ですが、見かけないので、そのまま帰ったと思っていました。
リーフ
そうじゃないなんて…
リーフ
ではお二人には水晶月の森の一般区域のほかにも制限区域への出入りを許可します。
リーフ
森番であるルートンにも話しておきますので、
森で迷いそうだったら中央の休憩所のルートンをお訪ねください。
【プレイヤー】
ありがとうございます。
クロリス
ありがとうございます、所長。
リーフ
助けたら2倍で返してもらえると聞きました。楽しみにしてますね。
クロリス
もちろんです。
リーフ
私は仕事が溜まっているので、皆さんと共に行くことはできません。
ここに地図と、あと外に標識もあるので道に迷うことはないと思います。
クロリス
これだけで十分です。ありがとうございます。
リーフ
私もここで情報を集めてみますので、あまり心配しないでください。
【プレイヤー】
では私達は森に行ってみます、村長…
(その瞬間目が合ったリーフがウィンクをする。)
【プレイヤー】
いや、リーフ所長。
クロリス
またお会いしましょう、所長。
リーフ
ええ…
リーフ
リーフ
あ、待って…な、なんだ?村の空気がおかしい…

クロリス
確かに村の中と外は違いますね。
【プレイヤー】
ここが水晶月の森ですね。
【プレイヤー】
村の外が紫色に染まっていたので直接見てみたいとは思っていましたが、想像以上に美しいですね。
クロリス
いい精気を感じる森ですが…何か変な感じですね。
【プレイヤー】
何がですか?
クロリス
古代からあったエルフの森が公園になったのが…
村が発展して森が変わってしまったとは聞いていますが、少し変な感じですね。
クロリス
あ、私がここにいることもそうですね。
クロリス
【プレイヤー】
あまり気にしないでください。
クロリス
そうですね。水晶月の森に来ることなんてありませんから。すべてゼフィのおかげですよ。

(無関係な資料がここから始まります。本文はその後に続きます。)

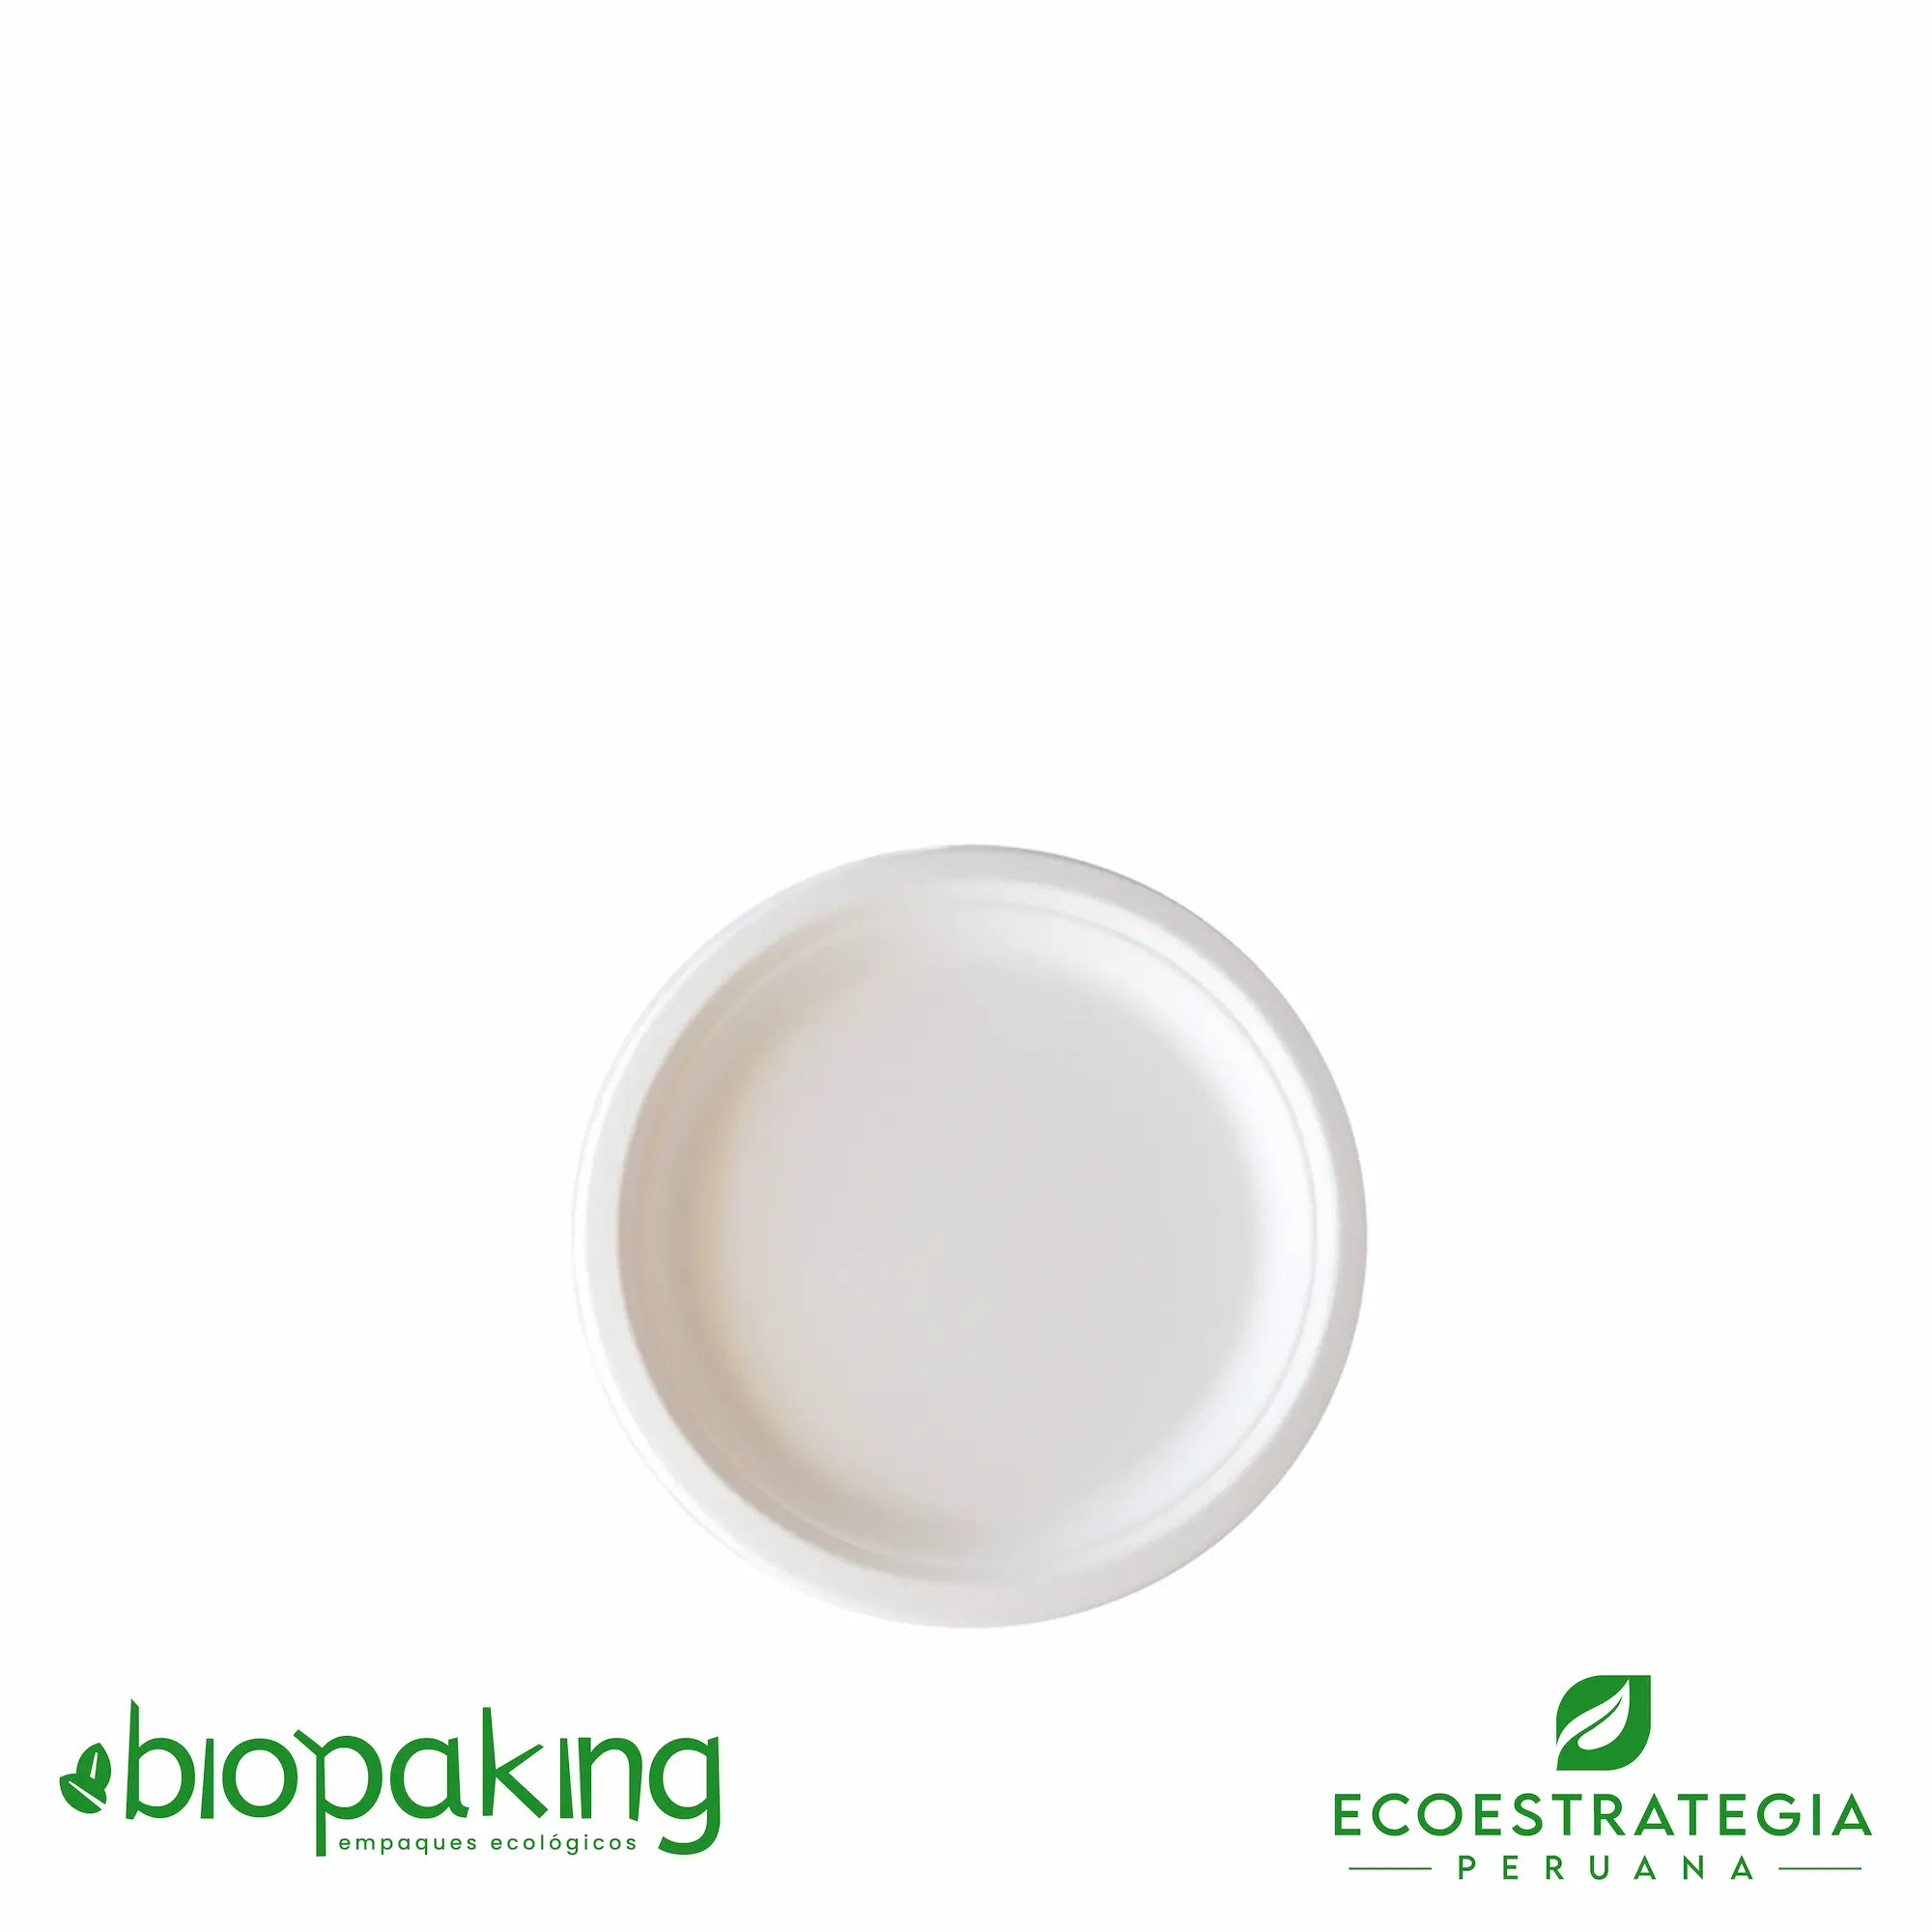 Este plato de 15cm, es un producto de materiales biodegradables, hecho a base de fibra de caña de azúcar. Cotiza envases, empaques y tapers para comidas
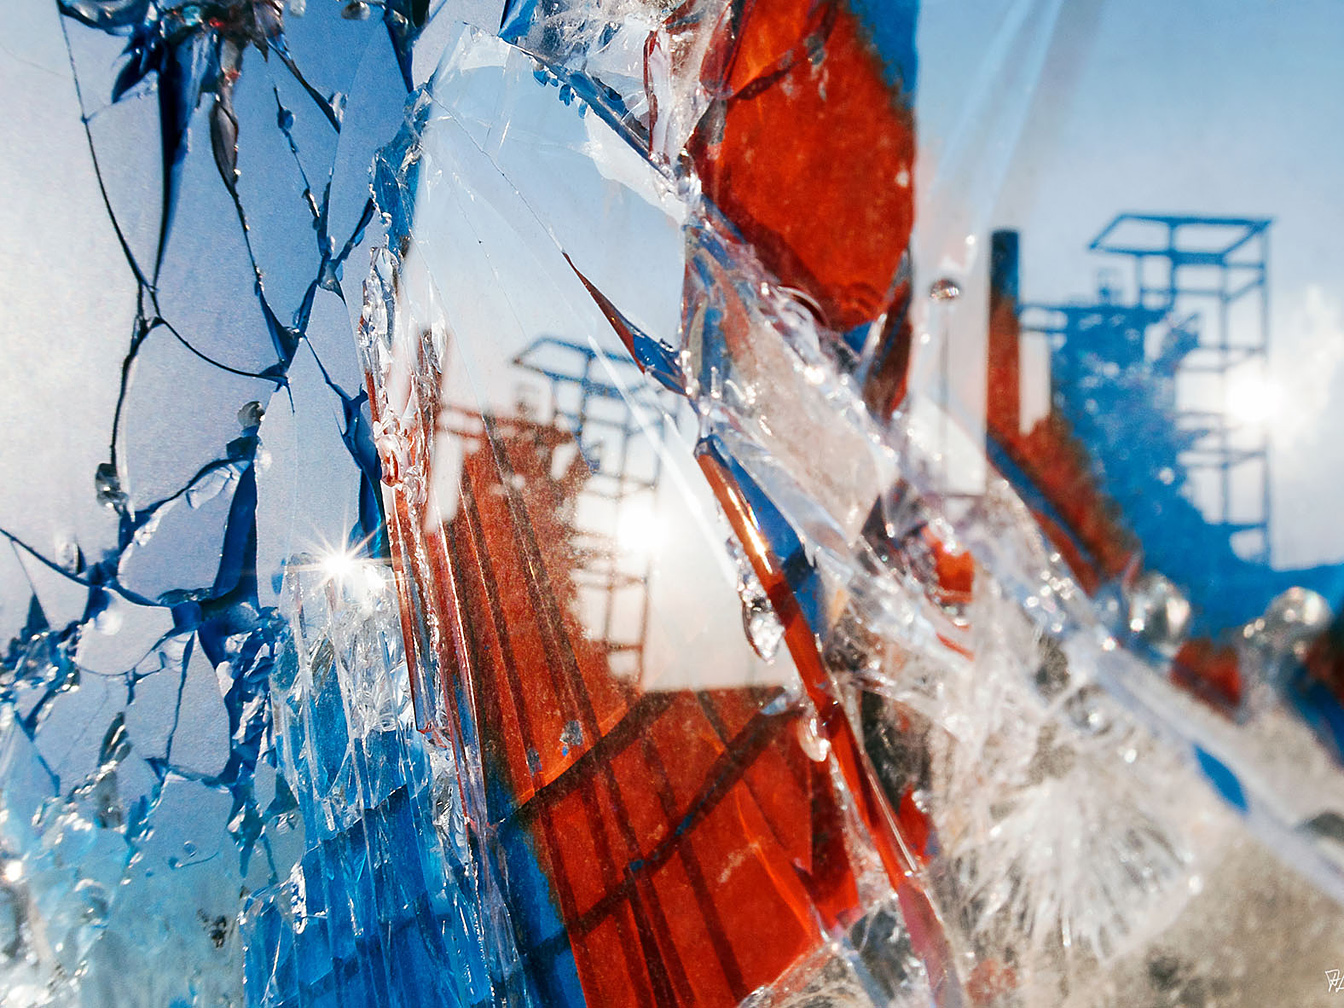 "Pieces-of-yesterday" - ein Foto von Annette Liese, das im Vordergrund zersplittertes Glas in verschiedenen Farben zeigt, dahinter Industriegebäude

(クロリスの自嘲的な冗談が終わると、横を森の観光客が通り過ぎる。)
クロリス
少し早いですが、森を散策する人達がいますね。
【プレイヤー】
そうですね。湖の反対側にも人がいます。
(一般的な観光客とは違う雰囲気の一行が湖の向かい側で辺りを見回している。)
怪しい男性
怪しい女性
【プレイヤー】
(忘れ物でもしたのかな?)
クロリス
【プレイヤー】さん、お願いがあります。
【プレイヤー】
はい?何ですか?
クロリス
この風景を目に焼き付けておきたいです。少しだけでいいので。
【プレイヤー】
あ、そういうのなら全然大丈夫ですよ。一緒に見ておきましょう。
(クロリスが頷く。そして水晶月の森の風景をしばらく見つめる。)
クロリス
ふぅ、さて、行きますか?
【プレイヤー】
地図だとこちらに聖堂があります。
クロリス
聖堂は少し遠いので最後に行きましょう。ところで、【プレイヤー】さん、この子知ってますか?
【プレイヤー】
誰ですか?
(クロリスが手で【プレイヤー】の服を引っ張っている一人の女の子を指差す。)
女の子
うわん!錠、こんにちは!こんにちは!
【プレイヤー】
えっ、いつからいたの?
(どこかで見たことある気がする兜をかぶった女の子がにっこりと笑う。)
女の子
錠!会いたかったよ!錠は会いたくなかった?
【プレイヤー】
何を言ってるの…私のこと知ってるの?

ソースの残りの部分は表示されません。